Perdue rolled out the state's latest effort to target patients or physicians who are gaming the system.
The program will run Medicaid claims through a contractor's software program, crunching raw electronic billing and other data to identify suspicious trends among the nearly 2 million Medicaid patients and 60,000 Medicaid providers in the state. Medicaid investigations have historically relied on paper documents and workers had trouble analyzing such data, according to the Department of Health and Human Services.
Other anti-fraud efforts, some using another computer program, have shown some success.
The pressure to locate additional dollars in Medicaid insurance is growing as state revenues stagnate and the state's portion of the program is on track to cost $250 million more than budgeted this year. Medicaid is the federal-state government insurance program for low-income families and senior citizens, as well as people with disabilities.

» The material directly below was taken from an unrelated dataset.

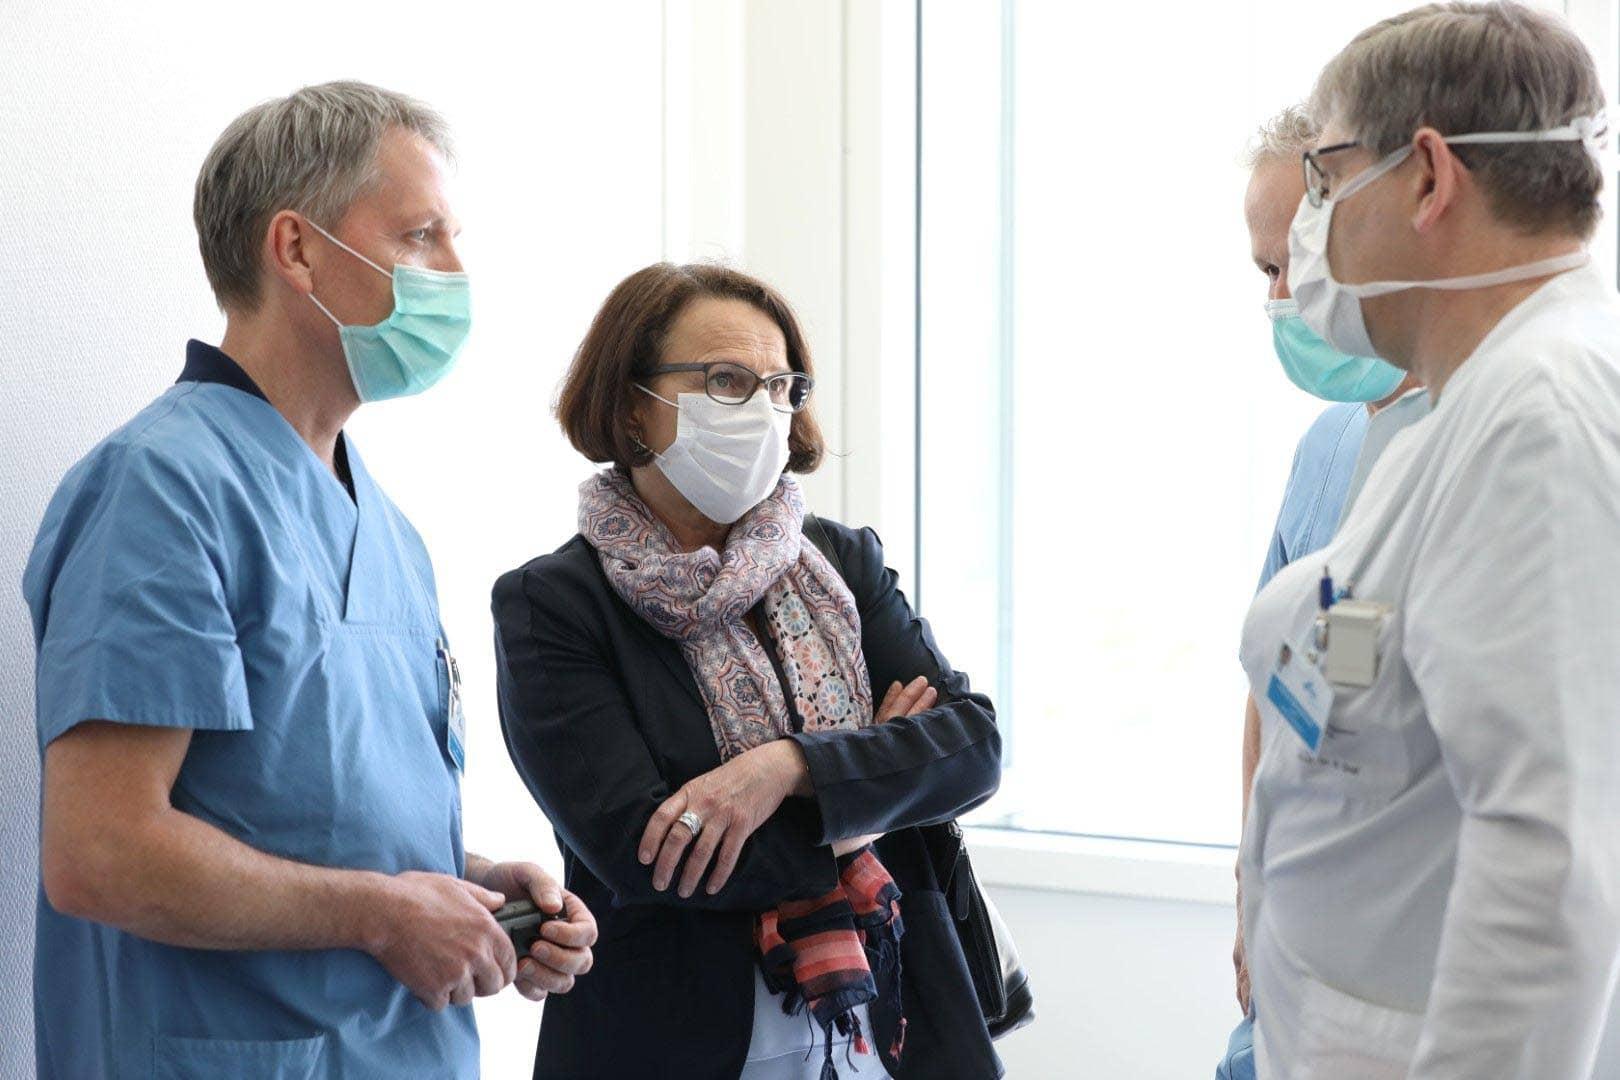 Einblick in den Klinikalltag Bürgermeisterin Gertrud Maltz-Schwarzfischer besucht Uniklinikum

"There are better ways to do it in 2010," Perdue said in a news conference held in a catherization lab at Rex Hospital in Raleigh real estate. "This system has the capacity to identify potential fraud, waste and abuse and we're doing it with the speed and efficiency that we never thought was possible before."
Perdue also wants to double the size of Attorney General Roy Cooper's anti-fraud unit, so it can prosecute more lawbreakers, and she wants tougher laws to discourage fraud among health care providers.
The initial effort won't require a large state investment. The state didn't pay IBM Corp. for the software program, Health and Human Services Secretary Lanier Cansler said. Instead, the company will get an amount equal to 10 percent of the money that the department determines should be recouped because services were fraudulent or unnecessary, with IBM's total capped at $5.4 million annually.
"It's like fishing," Cansler said. "You fish to find the people who break the rules. We've been fishing with a cane pole. The governor's pushed us to get depth finders, where we can not only locate the school of fish we can also locate the big fish."
The anti-fraud initiative, which should be fully running by early summer, already has found some unusual cases that required further inspection.
Perdue said a program demonstration using 2007 Medicaid documents uncovered one provider that billed the system $45,000 in "miscellaneous" prosthetic limbs. It's also not unusual for some Medicaid patients to go from doctor to doctor to receive services so they can get access to controlled substances, the governor said.
The most extreme cases of potential fraud will be sent to a newly created Medicaid "SWAT" team that will investigate providers or consumers. Cooper's office also could be called in to pursue criminal charges.
"Medicaid fraud hurts our state's most vulnerable residents and robs taxpayers," Cooper said in Perdue's news release. Cooper's Medicaid fraud unit, comprising 19 investigators and State Bureau of Investigations agents, helped recover $52 million last year.
Perdue said she also wants lawmakers to toughen rules to stop kickbacks to health care providers who refer patients to certain Medicaid services and to end the solicitation of patients to obtain unnecessary services. The governor also announced a publicity effort to blow the whistle on potential Medicaid fraud or waste.